How Polymers Are Made: Addition Polymerisation
Part of Polymers — GCSE Chemistry
This deep dive covers How Polymers Are Made: Addition Polymerisation within Polymers for GCSE Chemistry. Revise Polymers in Bonding & Structure for GCSE Chemistry with 20 exam-style questions and 20 flashcards. This topic appears regularly enough that it should still be part of a steady revision cycle. It is section 2 of 11 in this topic. Use this deep dive to connect the idea to the wider topic before moving on to questions and flashcards.
Topic position
Section 2 of 11
Practice
20 questions
Recall
20 flashcards
🔬 How Polymers Are Made: Addition Polymerisation
Addition polymerisation is the most common way small molecules join to make polymers. It works like this:
• The monomer molecule must contain a C=C double bond
• Under heat and pressure with a catalyst, the double bond "opens up"
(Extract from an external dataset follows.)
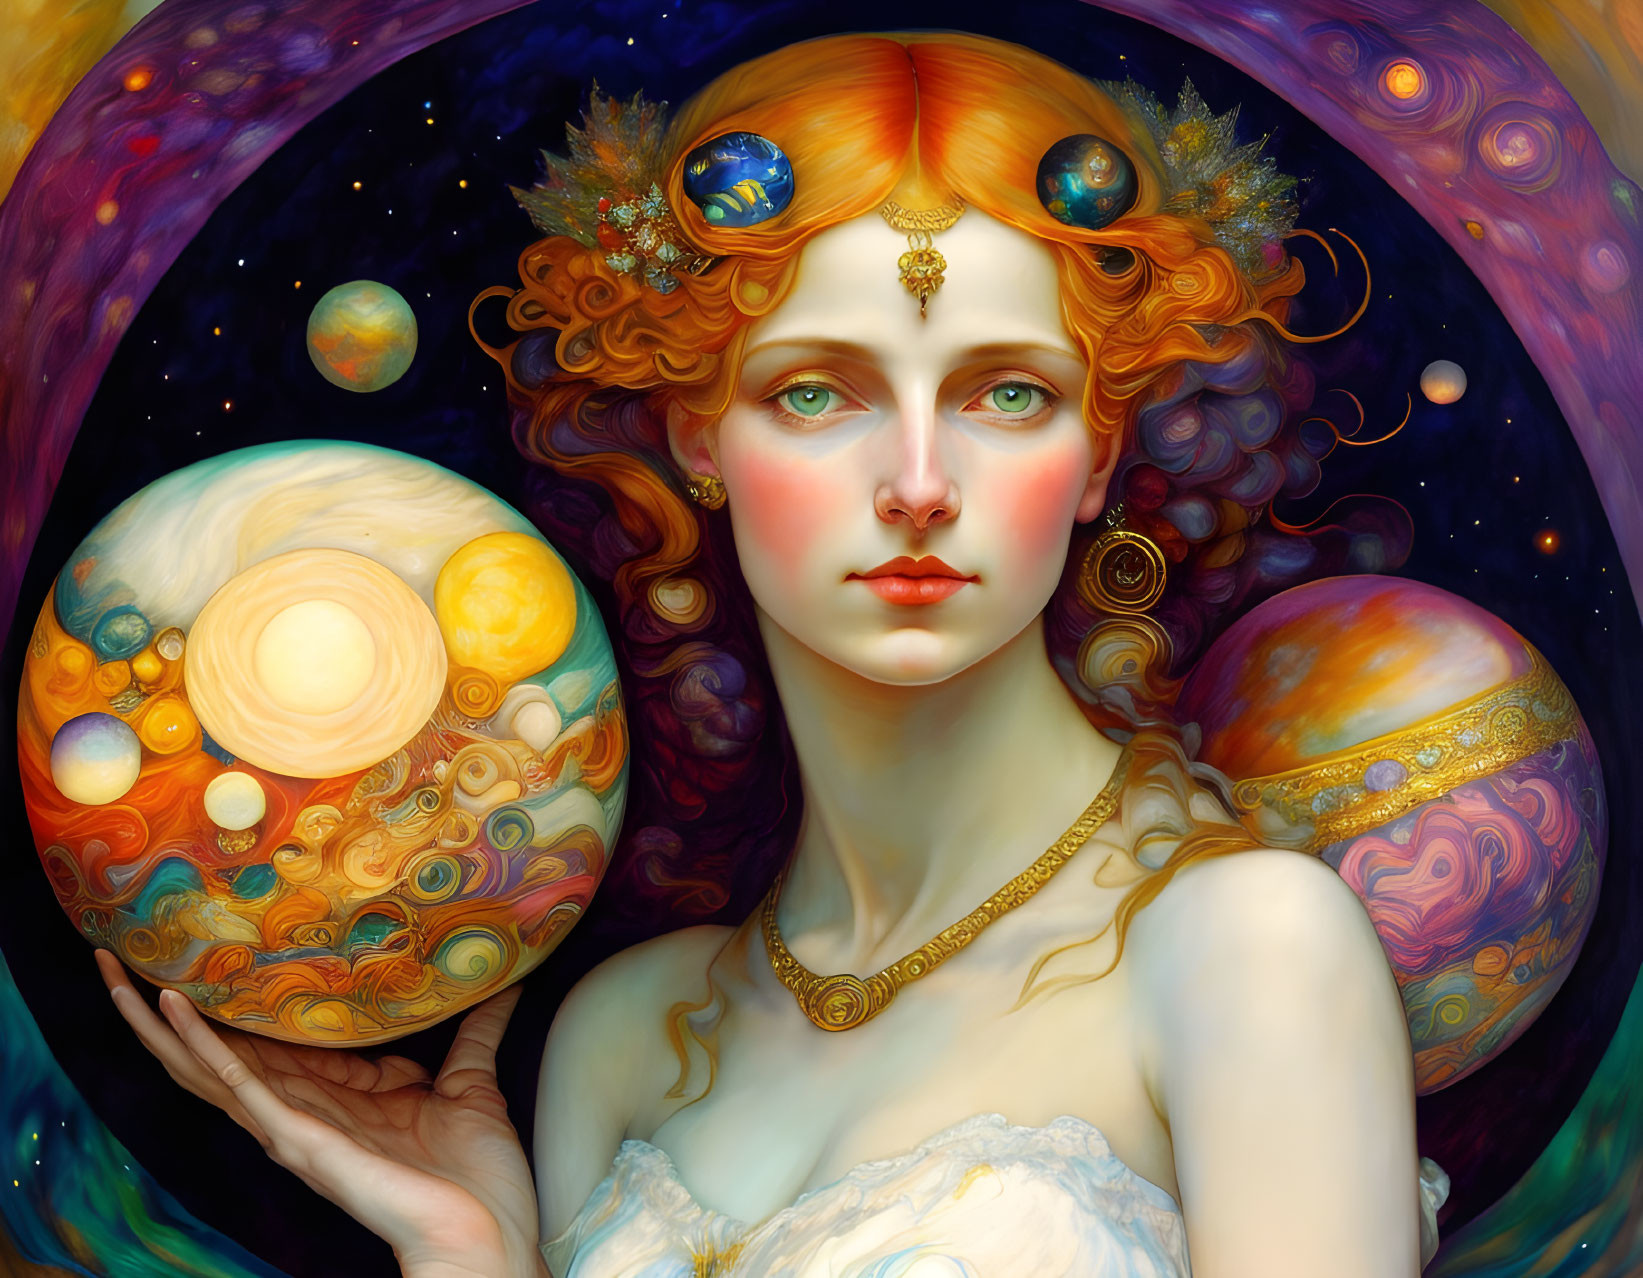 Dazzling Beauty With Planets

• One of the two bonds in the double bond breaks
• This creates two "dangling" bonds that can attach to other monomers
• Each monomer uses its broken double bond to connect to the next
• The chain grows: monomer + monomer + monomer + ... = polymer
• Thousands of monomers join to make one giant chain
• No atoms are lost — "addition" means everything is added in
• Monomer: CH₂=CH₂ (ethene — has a double bond)
• Polymer: -[CH₂-CH₂]ₙ- (poly(ethene) — n means repeated many times)
• Used in: plastic bags, bottles, containers
• The double bond becomes a single bond in the polymer chain
• Poly(propene): from propene (CH₃CH=CH₂) — car bumpers, ropes
• PVC (polyvinylchloride): from chloroethene — pipes, window frames
• Poly(tetrafluoroethene) (PTFE): from CF₂=CF₂ — non-stick coatings (Teflon)
Naming rule: The polymer is named from its monomer — just add "poly" in front and put the monomer name in brackets: ethene → poly(ethene), propene → poly(propene).